The probability of trial participation in the target population is also important for identification and estimation using weighting methods. Our argument that the odds of participation after selection of nonrandomized individuals are equal to the odds of participation in the target population up to an unknown multiplicative constant clarifies how the validity of estimators when using composite data-set designs (10) depends critically on the assumed sampling properties (an issue that had not been fully addressed in earlier work, such as the paper by Westreich et al. (7)).

Astute readers will have noticed the many connections between our results and the theory of case-referent (``case-control'') studies (27–29, 36, 37). Indeed, our approach can be placed in the case-base paradigm, viewing randomized individuals as “cases” in a cumulative incidence case-referent study (36) nested in the “cohort” of the actual population. An interesting parallel with case-referent studies: The difficulties in specifying the population of nonrandomized individuals that should be sampled in nonnested trial designs (e.g., composite data-set designs) are similar in nature to the validity issues of case-referent studies with a secondary base (38–40).

In this paper, for simplicity, we focused on counterfactual quantities that are most meaningful for point treatments with complete adherence and no loss to follow-up. Our results can be extended to address time-varying treatments using well-known extensions of the identifiability conditions for randomized trials (24, 32, 41), without any changes to the sampling properties or the modeling assumptions about the probability of trial participation (18). Perhaps, then, the most consequential causal assumption we required was that the invitation to participate in the trial and trial participation itself do not have an effect on the outcome except through treatment assignment (3, 18). Unless investigators are willing to contemplate more complex study designs involving multistage data collection about (and possibly randomization of) the invitation to participate, trial participation itself, and treatment assignment (42), our results are best viewed as applying to trials where the not-through-treatment effects of the invitation to participate in the trial and of trial participation are negligible compared with the effects of treatment.
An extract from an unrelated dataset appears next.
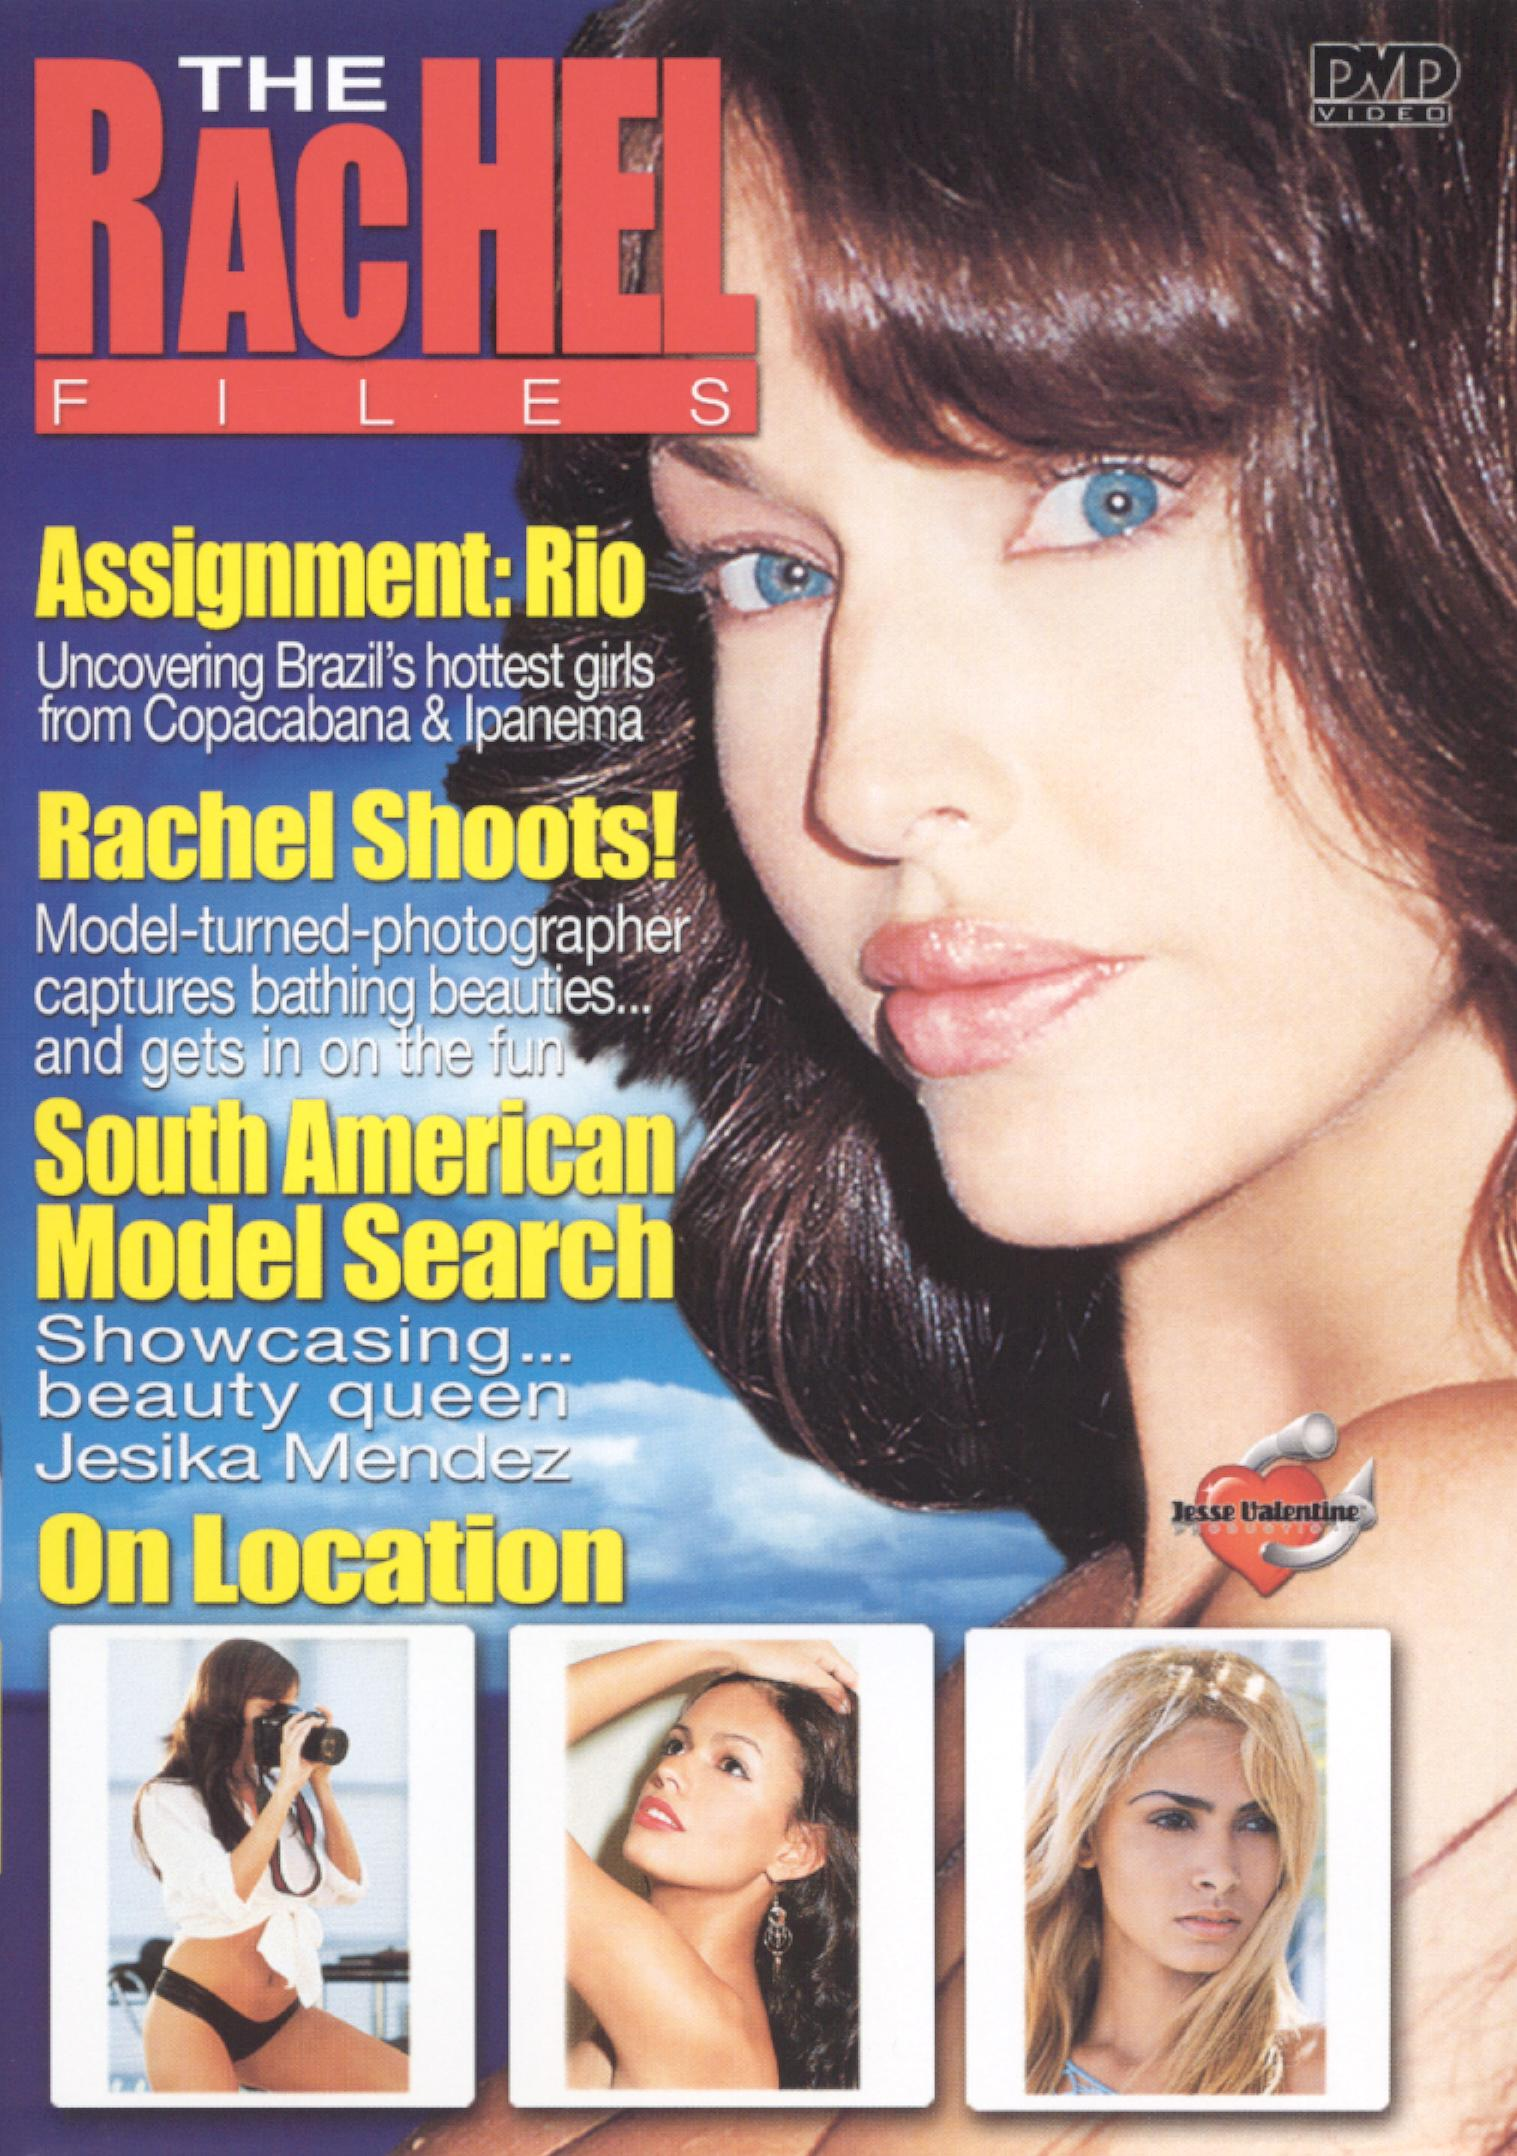 The Rachel Files: Assignment Rio

For example, they are applicable to pragmatic randomized trials embedded in large health-care systems or registries, where trial procedures other than treatment assignment can be assumed to be similar to usual medical practice (33, 43, 44).

In conclusion, we have presented a unified description of different study designs for extending causal inferences from a randomized trial to a target population and have examined the implications of each design’s sampling properties for identifying causal quantities and modeling the probability of trial participation. We hope that our approach will be useful to investigators conducting generalizability and transportability analyses using the designs we described or closely related variants.

Supplementary Material

Web_Material_kwaa270

ACKNOWLEDGMENTS

Author affiliations: Center for Evidence Synthesis in Health and Department of Health Services, Policy, and Practice, School of Public Health, Brown University, Providence, Rhode Island, United States (Issa J. Dahabreh, Sarah E. Robertson); Department of Epidemiology, School of Public Health, Brown University, Providence, Rhode Island, United States (Issa J. Dahabreh); Department of Epidemiology, Harvard T.H. Chan School of Public Health, Harvard University, Boston, Massachusetts, United States (Issa J. Dahabreh, James M. Robins, Miguel A. Hernán); Department of Biostatistics, Harvard T.H. Chan School of Public Health, Harvard University, Boston, Massachusetts, United States (Sebastien J.-P. A. Haneuse, James M. Robins, Miguel A. Hernán); Department of Pharmacy Practice, College of Pharmacy, University of Rhode Island, Rhode Island, United States (Ashley L. Buchanan); Departments of Mental Health, Biostatistics, and Health Policy and Management, Johns Hopkins Bloomberg School of Public Health, Baltimore, Maryland, United States (Elizabeth A. Stuart); and Harvard-MIT Division of Health Sciences and Technology, Boston, Massachusetts, United States (Miguel A. Hernán).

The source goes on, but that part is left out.